Mais le voyage dans le temps passe de l’échelle de la décennie à celle des millions d’années lorsqu’on pénètre dans la Waipoua Forest. On abandonne toute idée de civilisation, tout repère temporel ou géographique alors que la forêt prive de ciel les virages sinueux. Dans cette jungle, une essence d’arbre est particulièrement majestueuse : le kauri, arbre sacré des maoris attenant des tailles impressionnantes.

Le soir, nous dormons au Trounsom Campground, où, comble du luxe, nous trouvons des douches chaudes ! La forêt attenante abrite des kauris et censément des kiwis, mais il faut pour voir ces oiseaux nocturnes une lampe émettant une lumière rouge (les lumières blanches les éblouissent). La journée ayant été longue, on plante la tente et « au lit ».

Le lendemain, les kauris sont bien au rendez-vous !
Le lendemain, les kauris sont bien au rendez-vous !

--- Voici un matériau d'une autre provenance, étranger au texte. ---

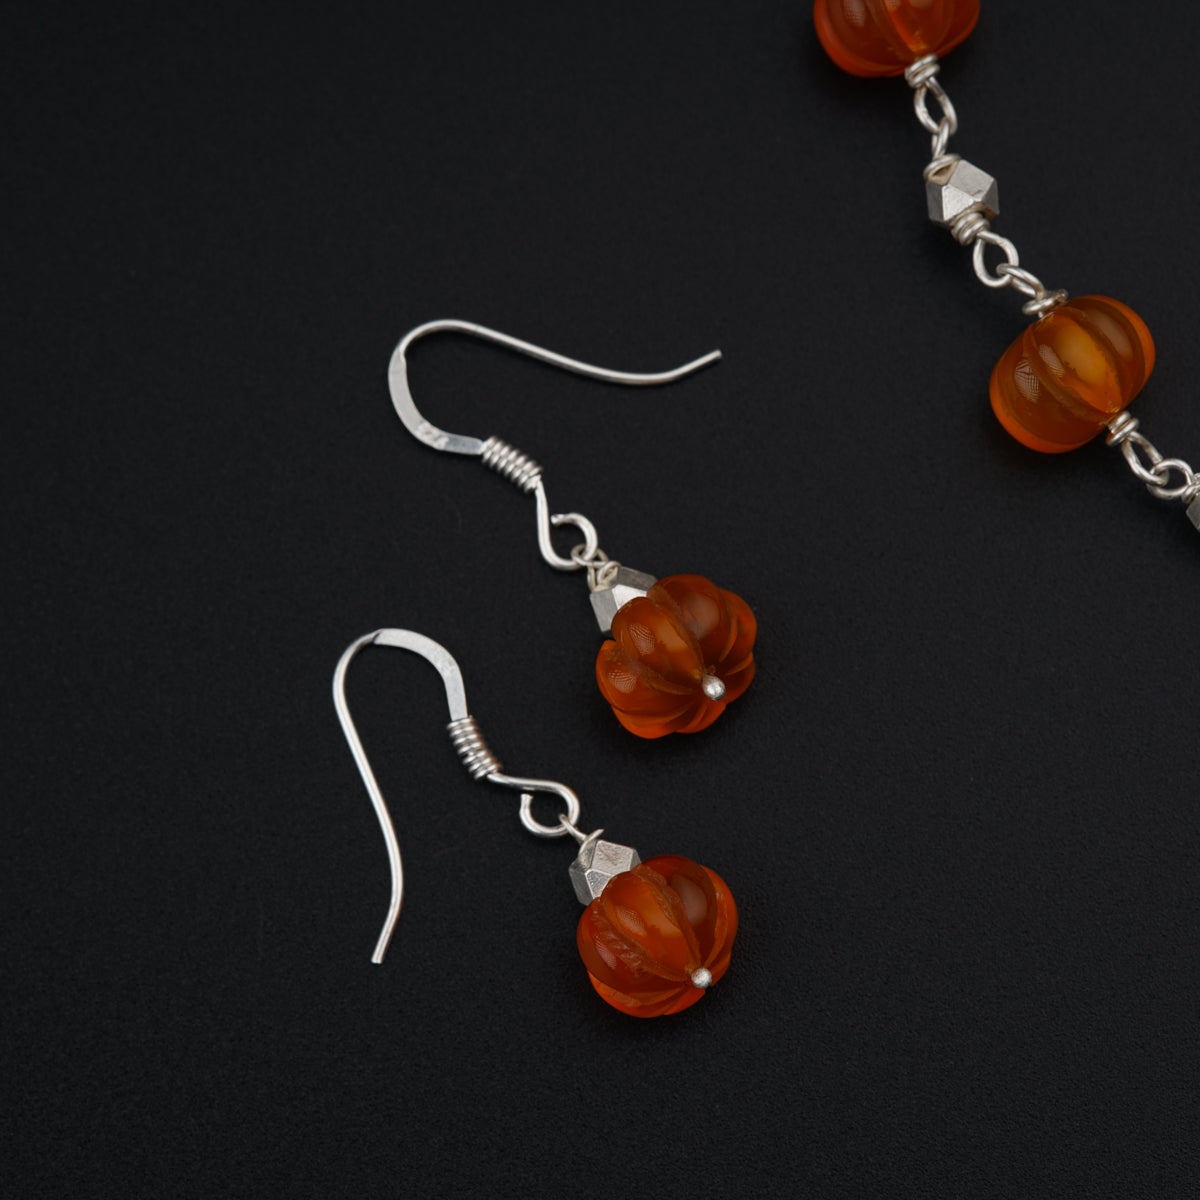 Silver set with carved Carnelian stones

Le dernier jour de ce roadtrip s’avèrera bien moins impressionnant, les villes néo-zélandaises sont rarement belles mais celles de Dargaville et Ruawai avaient des airs de Lavelanet. Toujours cependant le virage est capable de surprendre pour révéler un nouveau paysage inattendu, et notre retour par la Nationale 16 nous aura fait profiter de beaux points de vue et même de sculptures d’art moderne en plein champ (pas eu le temps de prendre de photo, désolé).

Que de choses donc vues en 4 jours, il est temps de conclure cet article, la prochaine fois, je vous raconterai comment on peut faire rimer Noël et coup de soleil !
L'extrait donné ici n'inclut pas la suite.